Wie die Pilze nach dem Regen

In 1938, the Netherlands saw an influx of Jewish refugees, who were migrating to escape rising antisemitism in Germany. In 1939, Camp Westerbork began welcoming these families with a place to live. By all accounts it was meant to be hospitable and was, with reasonable space and facilities. It was also, by definition, a concentration camp.

In 1942, the occupying Nazis conveniently adopted the camp as a Durchgangslager for housing deportees (including Anne Frank) before shipping them off to Vernichtungslager to be executed.

Even under Nazi rule and repurposed as the “foyer to hell”, Camp Westerbork remained an orderly place with adequate healthcare and schooling.

In 1996, the United States began mandatory internment of unapproved immigrants prior to the processing of their asylum claims. In 2003, ICE was formed to apprehend and forcibly detain them. In 2017, the building of detention centers was accelerated and they continue to rise like mushrooms after the rain.

Growth comes with pains, and the government’s own investigators are continually finding deplorable conditions including child abuse and sexual assault. In such a situation, it seems the executive leader of the country has a few courses of action to choose from:

  • Clearly declare that this is unacceptable for a civilized nation, promise the public it will end, and deploy auditors and internal policing to make it so.
  • Ignore the situation by not acknowledging it, downplaying the reports, or claiming powerlessness.
  • Distract by blaming others or engaging in whataboutism.

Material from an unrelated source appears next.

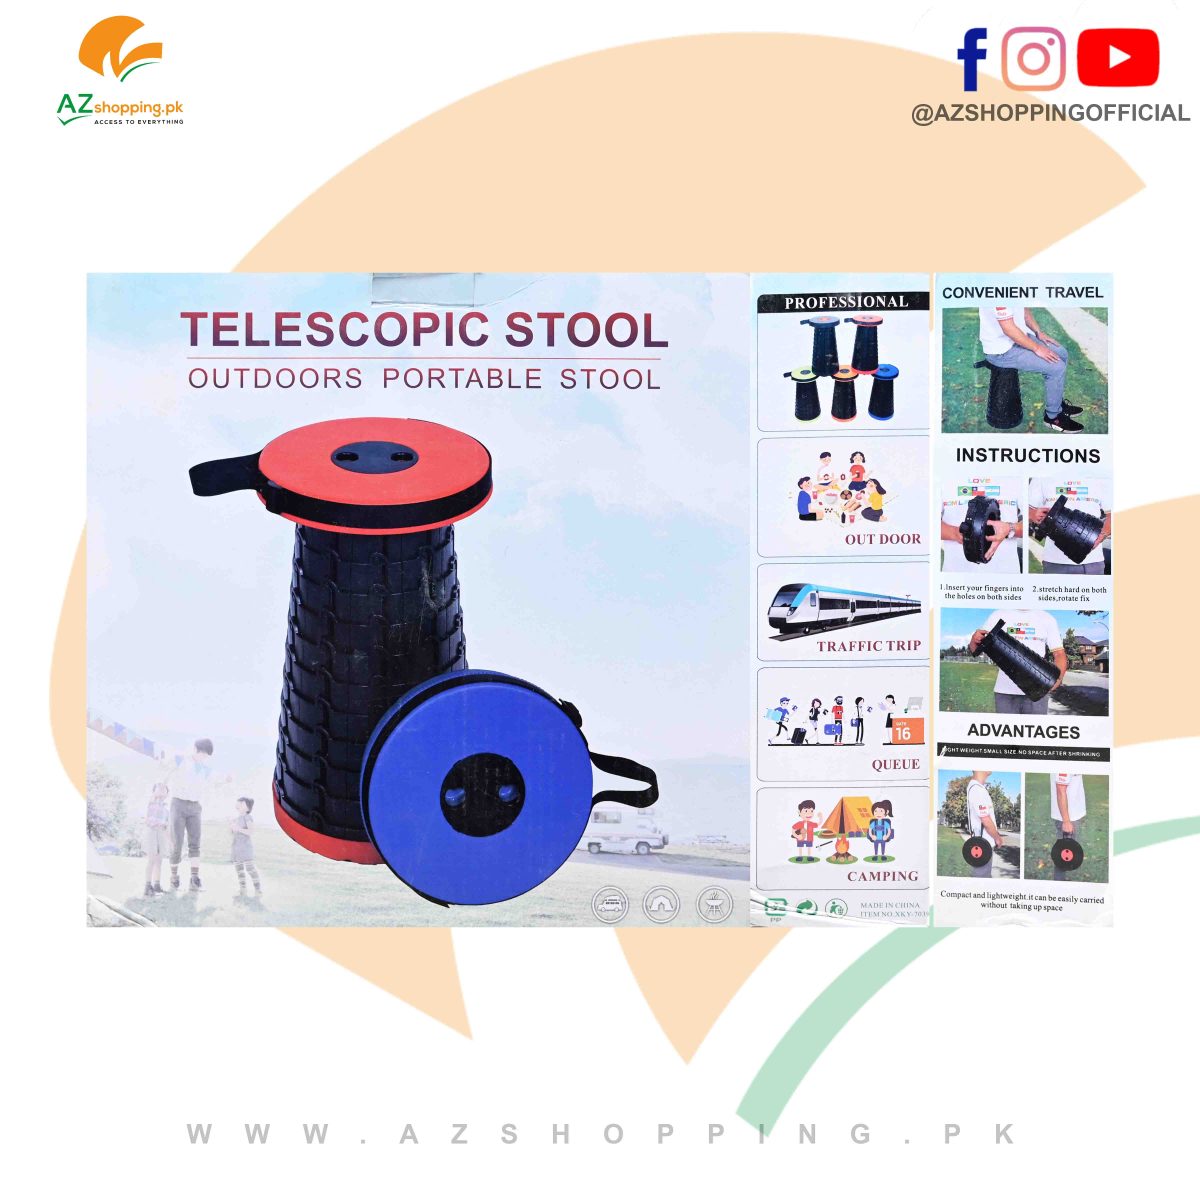 Telescopic Stool - Portable Collapsible Folding Stool Retractable Lightweight Camping Chair with Backpack Pad - Heavy Duty 200kg Weight Capacity

Regrettably, I don’t think we can expect the first choice from Donald Trump, so these conditions are likely to continue and not only harm many innocent people, but also poison political debate. Imagery of people being abused is divisive, as red state authoritarians will see law and order (assuming criminality) while blue state progressives lament the plight of the vulnerable. Meanwhile, though, I hope we increasingly improve conditions towards humane.

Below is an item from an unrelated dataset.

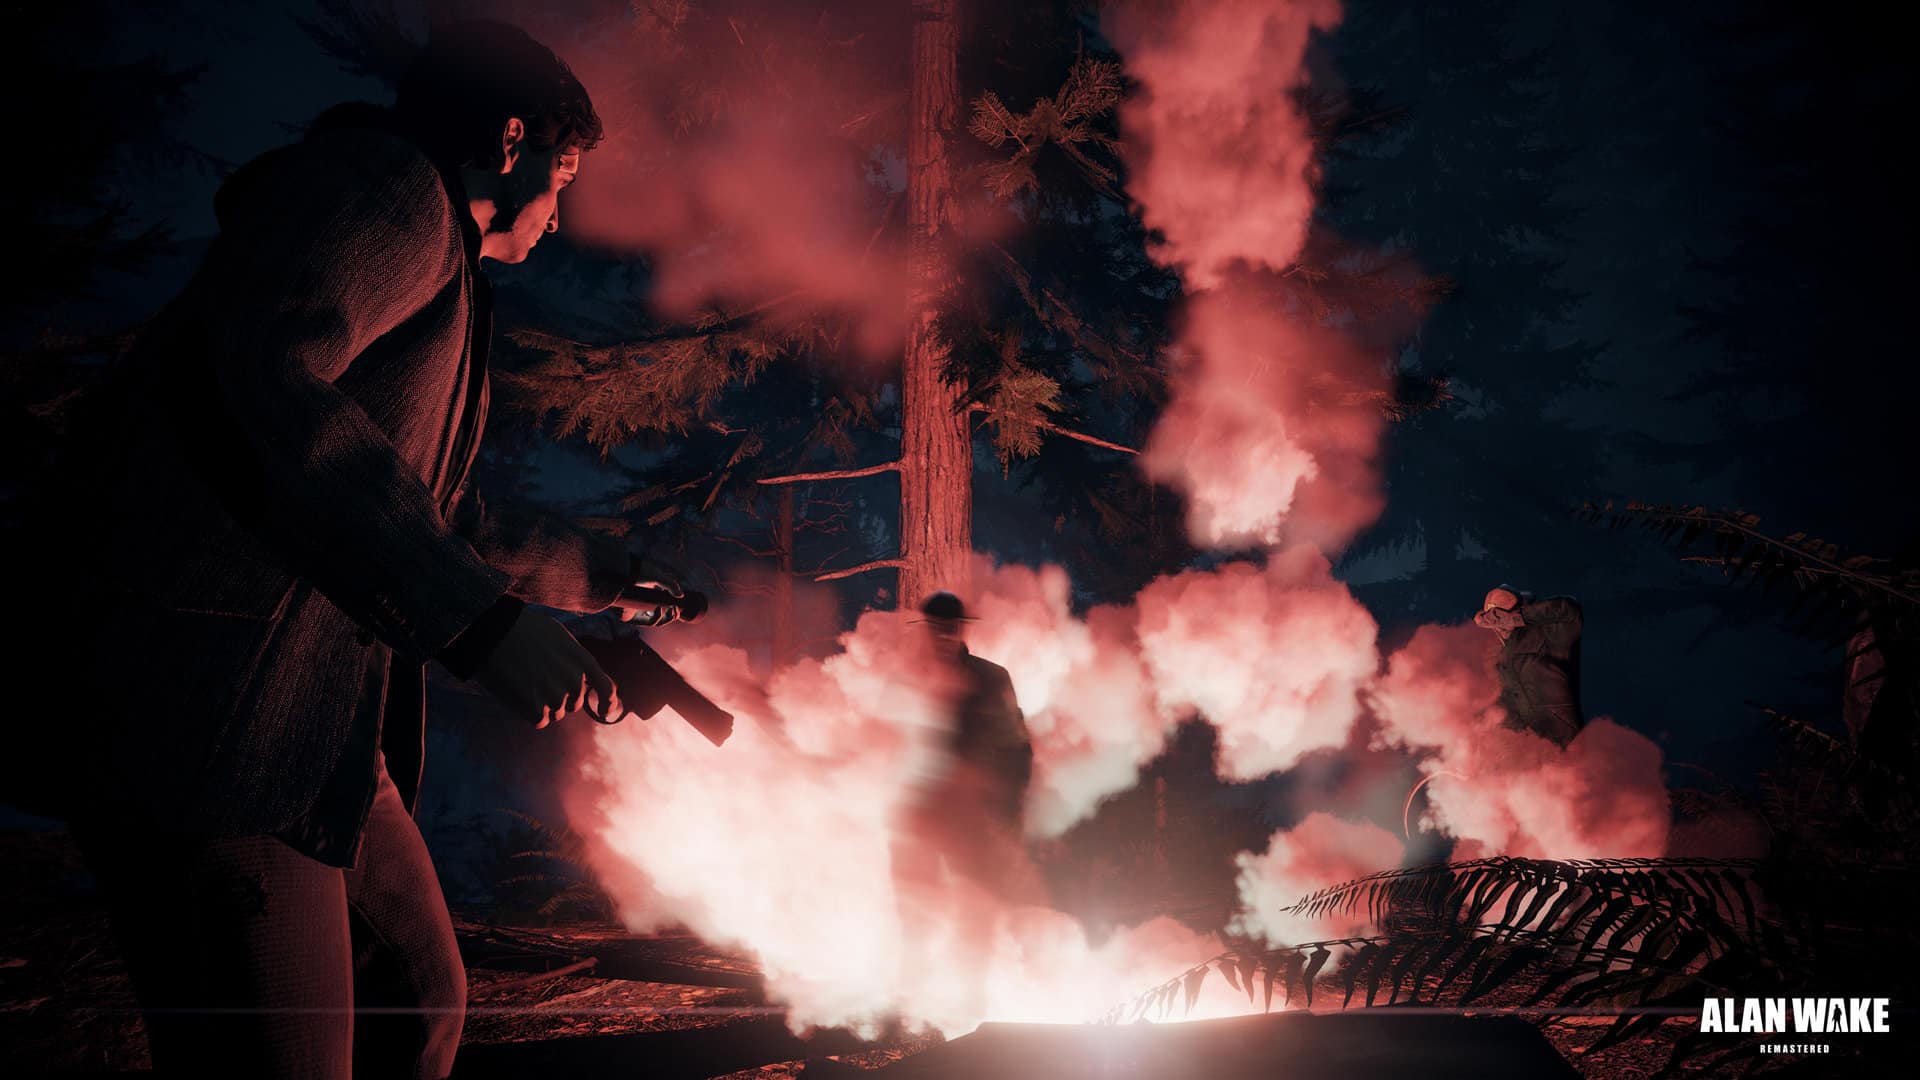 Alan Wake Remastered lights up a release date of October 5

But I am also worried about a more subtle message that will result from the concentration of vulnerable immigrants from Central America. Our images (visual or otherwise) of this situation are predominately of strong white American men exerting power over weaker “Mexicans”. Due to the illusory truth effect, continued exposure to these images will cause us to associate race and language with weakness and otherness. This association and othering can be harmful even as we seek to protect them.

This insidious cultural damage is a legacy that may outlast even the concentration camps themselves.

I posted this in July 2019 during week 2366.